The word “community” has ancient roots that predate even Latin, coming from an Indo-European word meaning “to go together”. It is the same root word for “common”, meaning, “shared by all”, and those two expressions accurately spell out the central meaning of community. It is the group that is shared by all and that goes together through this world, whether we’re talking about a civil community or a faith community.

Being so, communities take on a life of their own that is more than the sum total of the people within them. People come together to form a community, and their individual decisions both positively and negatively impact it. But the community also impacts the individuals within it. We saw a powerful example of this dynamic during the COVID pandemic. As the disease spread throughout the world, communities reacted by imposing restrictions on individuals for the safety and wellbeing of all. We may agree or disagree with these restrictions, but they powerfully impacted the freedom of individuals. At the same time, individuals made decisions that impacted the community, such as the brave and tireless work of our healthcare providers, who each put themselves at risk to help the whole community.
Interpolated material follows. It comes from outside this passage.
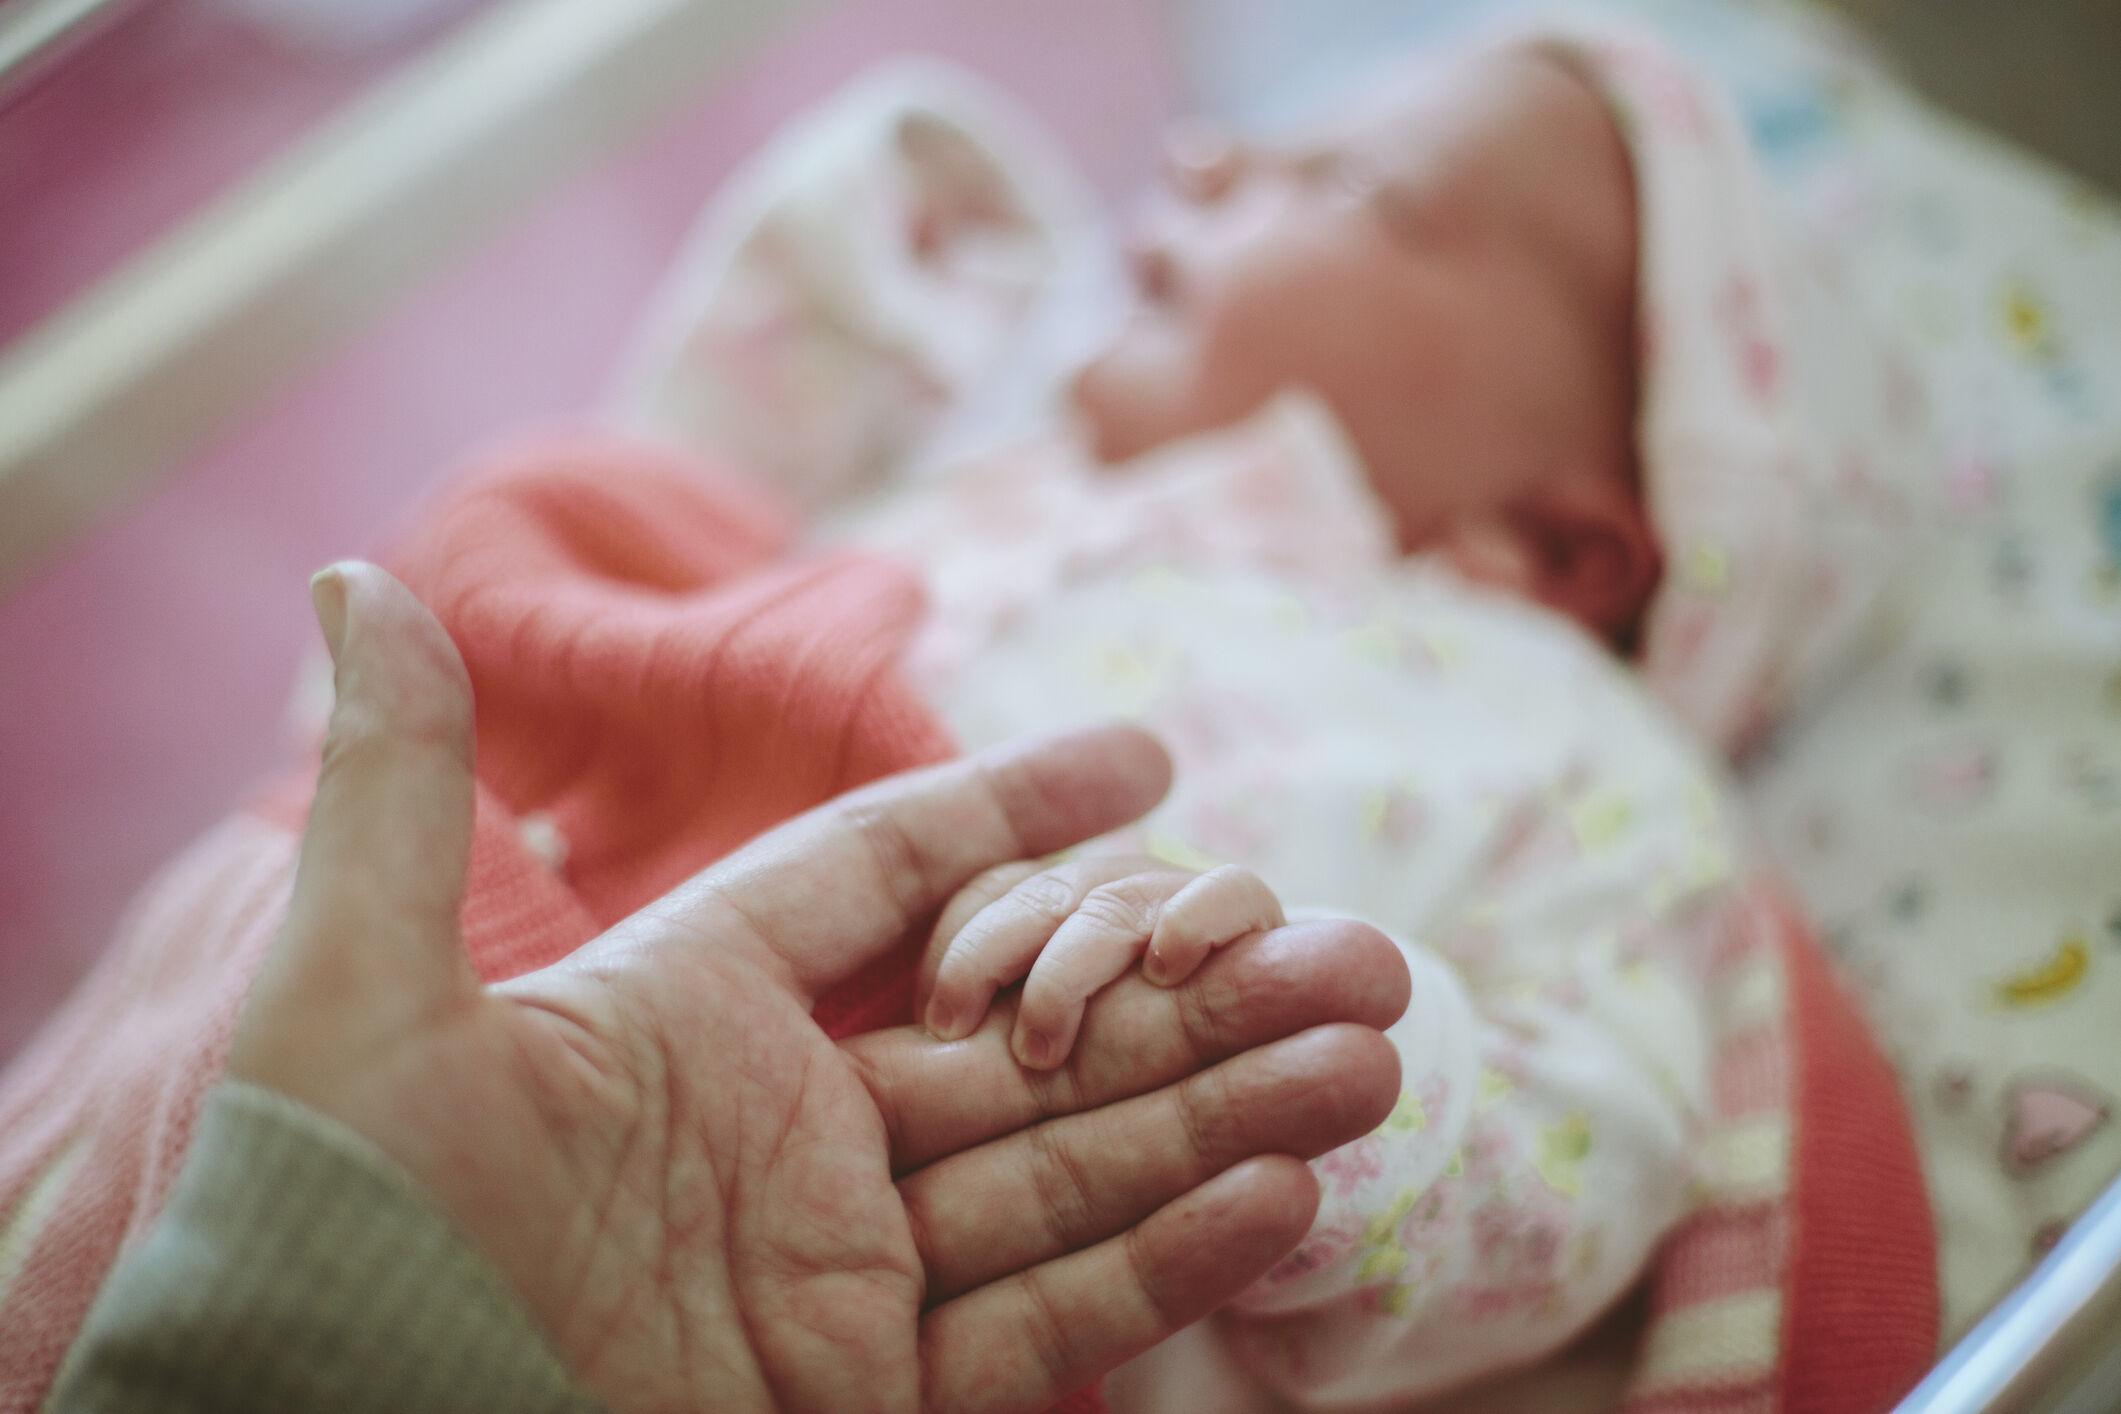 bebê recém-nascido e mãe segurando a mão

This interaction - individuals impacting the community, and the community impacting individuals - is the basic principle behind the need for communal health and healing. The health of a community on all levels - physical, psychological, and spiritual - greatly impacts the health of the individuals within it. When communities are healthy, they raise the health of the individuals within them. So, for example, when a community has clean air and water, a great emphasis on respect for one another, and a strong sense of the divine, the people in that community will experience better physical, psychological, and spiritual health than a community with pollution, social division, and irreligiosity. Such an unhealthy community needs communal healing to lift all members to better health.

 

But what can help bring about this communal healing? That’s where we see the importance of the impact of individuals on the community, and the key step in that process is community engagement - getting involved in our community, making connections with others, and working together to improve the health of the community. As the passage from the Letter to the Hebrews above urges the early Christians, communal healing requires that we “not absent ourselves from the assembly, as some do”, but that we “rouse each other to love and good deeds.” We need to recognize our interconnectedness with others, reach out beyond ourselves, and place our God-given gifts at the service of the community, whatever those gifts may be. We have many opportunities to do exactly that right here at St. Boniface, our faith community, and our larger local community. May we each think and pray of how we can work together for communal healing today in the post-COVID world, and then may God give each of us the grace to step up and do it for our own health and the health of all.